▶ _Task requirements_: Please copy, exactly as they appear below, the lines from the one containing "Frozen set in Python" through the one containing "ハンドブック雪だるまを作る砂漠[Flower Beauty ]".
Input data below:
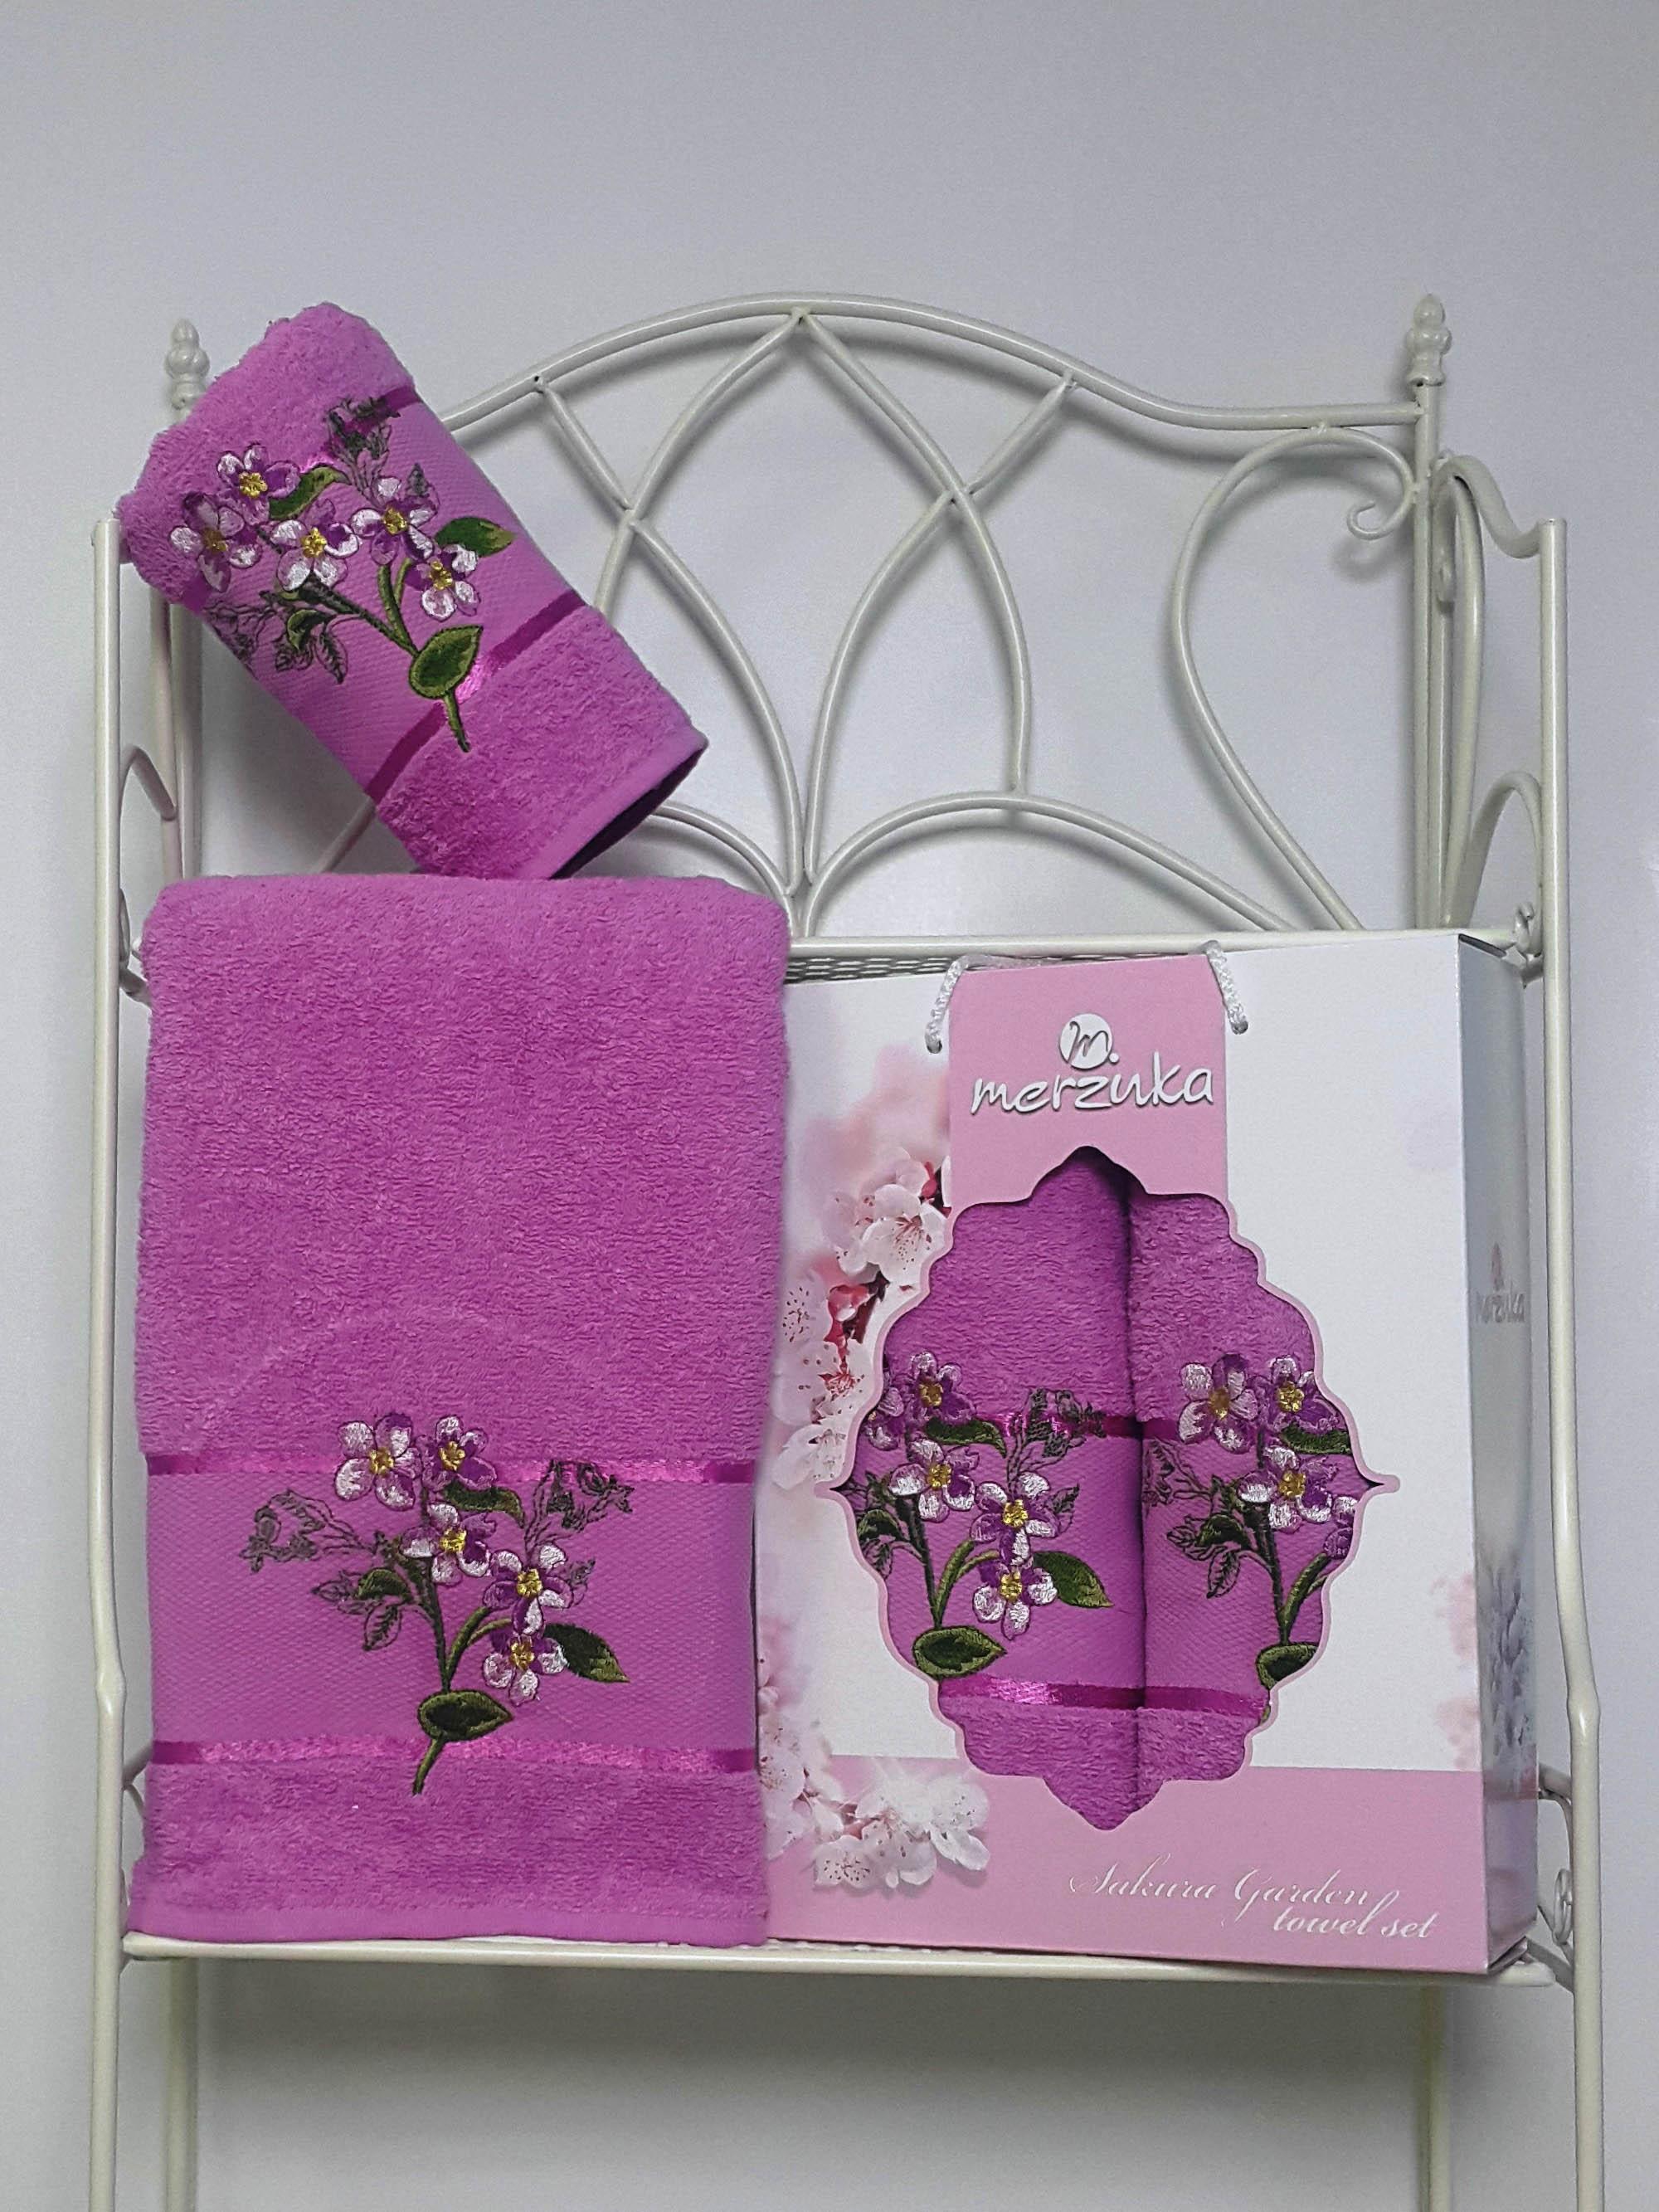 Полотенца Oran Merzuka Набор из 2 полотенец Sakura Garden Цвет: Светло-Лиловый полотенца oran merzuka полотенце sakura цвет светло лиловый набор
End of Input data.
Input data below:
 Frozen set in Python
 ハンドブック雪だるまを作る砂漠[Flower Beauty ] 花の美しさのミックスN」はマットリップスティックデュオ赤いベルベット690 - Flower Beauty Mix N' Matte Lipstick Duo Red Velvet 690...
End of Input data.
▶ _Task response_:
 Frozen set in Python
 ハンドブック雪だるまを作る砂漠[Flower Beauty ] 花の美しさのミックスN」はマットリップスティックデュオ赤いベルベット690 - Flower Beauty Mix N' Matte Lipstick Duo Red Velvet 690...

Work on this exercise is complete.